CARBONÍFERO, BOSQUES GIGANTESCOS Y REPTILES PRIMITIVOS.



El Carbonífero, que se extiende aproximadamente entre 359 y 290 m.a., es el quinto periodo de la Era Paleozoica, encajado entre el Devónico y el Pérmico.


De manera opuesta a lo que sucede en la actualidad, las masas continentales se concentran en el Hemisferio Sur. Gondwana, que comprende un gran conjunto de tierras emergidas, futuras Sudamérica, África, India, Australia y Antártida, se situaba por debajo de la línea del ecuador, basculando alrededor del Polo Sur. Al norte de los trópicos tan solo encontramos el protocontinente de Siberia. Geológicamente fue una etapa de gran actividad orogénica, pues las masas que formarían el supercontinente Pangea II se fueron aproximando, al tiempo que una serie de movimientos tectónicos originaban los Apalaches y los Urales (en el continente Euroamérica).

Dos grandes océanos, Panthalassa y Paleo-Tehtys, junto con otros de menores dimensiones, rodeaban las masas continentales completamente. Si en el final del Devónico asistimos a un descenso del nivel de los océanos, durante el Carbonífero se invierte esa tendencia. Bajo la superficie de estos mares la vida continua abriéndose camino. Los invertebrados siguen siendo los gurpos más numerosos, con los foraminíferos (pequeños organismos unicelulares con concha) a la cabeza. También corales, briozoos, braquiópodos, ammonites y equinodermos. Entre los moluscos abundan bivalvos, gasterópodos y cefalópodos. Por contra, los trilobites se encuentran en retroceso, y ya no son los únicos dominadores de las masas de agua salada.


Dientes, espinas y escudos óseos fosilizados, demuestran la abundancia y diversificación de los peces. Los cestraciontes, una especie de tiburón, se convirtieron en el grupo hegemónico entre todas las criaturas marinas.
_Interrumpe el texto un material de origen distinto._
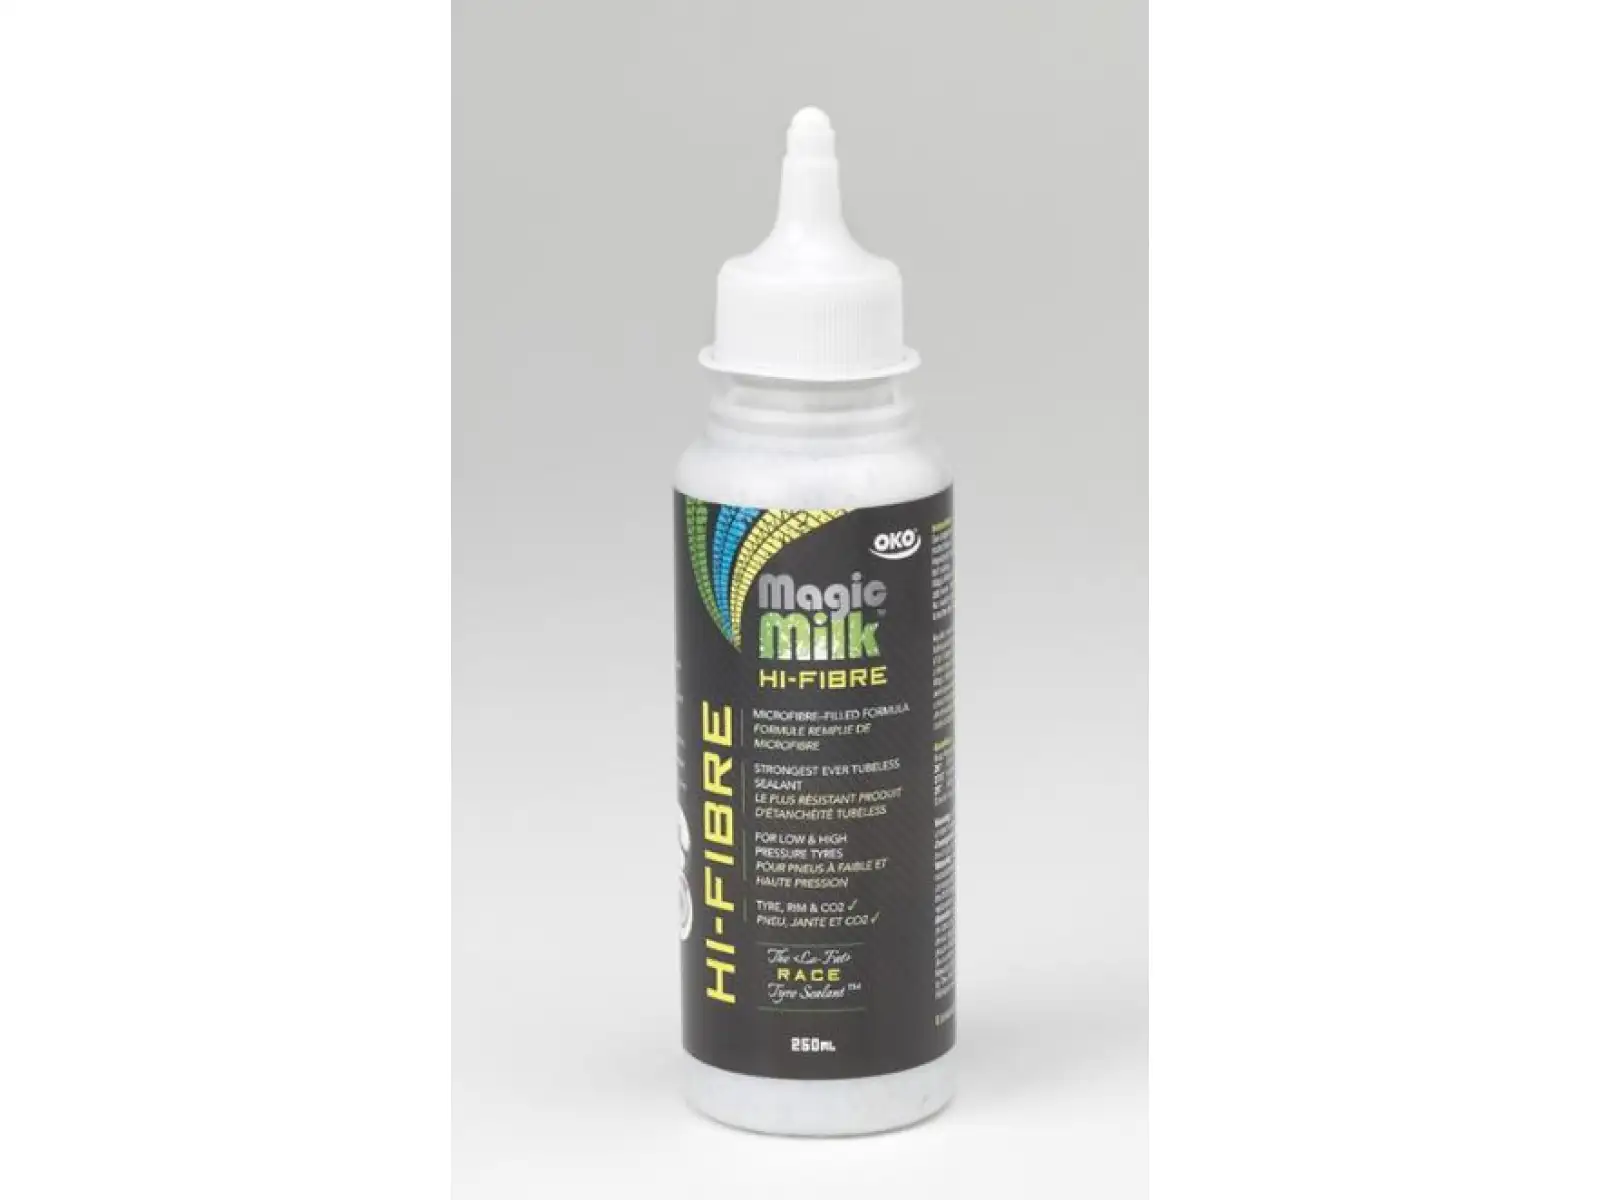 OKO Magic Milk Hi-Fibre Sealant 250 ml

Tenemos una primera parte del Carbonífero bastante cálida, con climas uniformes tropicales y subtropicales, aunque paulatinamente la temperatura del planeta fue descendiendo. En la etapa final se produjo la glaciación Karoo, que continuó durante el Pérmico. Este clima húmedo y relativamente cálido fue muy adecuado para el desarrollo de una exhuberante vegetación y extensos bosques en zonas cenagosas.


Precisamente esos bosques son lo más característico del período. Los gigantescos vegetales están en el origen de los grandes yacimientos de carbón, y por ese motivo a este periodo se le llama carbonífero. En el Carbonífero las plantas habían colonizado toda la superficie de las tierras emergidas, se concentran principalmente en áreas pantanosas, y experimentan una espectacular diversificación y aumento de tamaño. Enormes regiones cubiertas de helechos (que aparecen en este periodo), selvas pantanosas, árboles de escamas que superan los treinta metros de altura, juncos, gimnospermas (con complejas estructuras reproductoras y especializadas como el polen y las semillas) y las primeras coníferas verdaderas. Se piensa que nunca antes ni después han coexistido en la tierra plantas de tal variedad de formas y tamaño.


A la sombra de estos bosques se desarrollan multitud de especies de insectos, como las libélulas, encuentran su nicho ecológico arácnidos, miriápodos y batracios, y hacen su aparición, por evolución de los anfibios, los primeros reptiles, llamados a dominar el planeta durante le Mesozoico. Uno de los grandes logros evolutivos del momento fue la aparición del huevo amniótico, que permitió a los animales la vida completamente independiente del agua.



Hylonomus es el reptil auténtico más antiguo conocido.


martes, 8 de marzo de 2016

PALEOZOICO, LA ERA DE LA VIDA ANTIGUA.



Tradicionalmente conocido como Era Primaria, el Paleozoico es la época de la vida antigua, pues eso es precisamente lo que significa, un tiempo en que las primitivas formas de vida proliferaron y fueron configurando, poco a poco, la mayoría de los ecosistemas del planeta. Paleozoico es la etapa de la explosión de la vida, un acontecimiento decisivo en la historia de nuestro planeta, que estuvo acompañada de grandes cataclismos que reconfiguraron (una vez más) la superficie de la Tierra.

La Era Paleozoica, la primera de las tres en que se estructura el eón Fanerozoico, tuvo una duración aproximada de 340 millones de años, en ese sentido una etapa ciertamente larga, y se subdivide en seis unidades menores llamadas periodos. Sucesivamente, Cámbrico, Ordovícico, Silúrico, Devónico, Carbonífero y Pérmico. 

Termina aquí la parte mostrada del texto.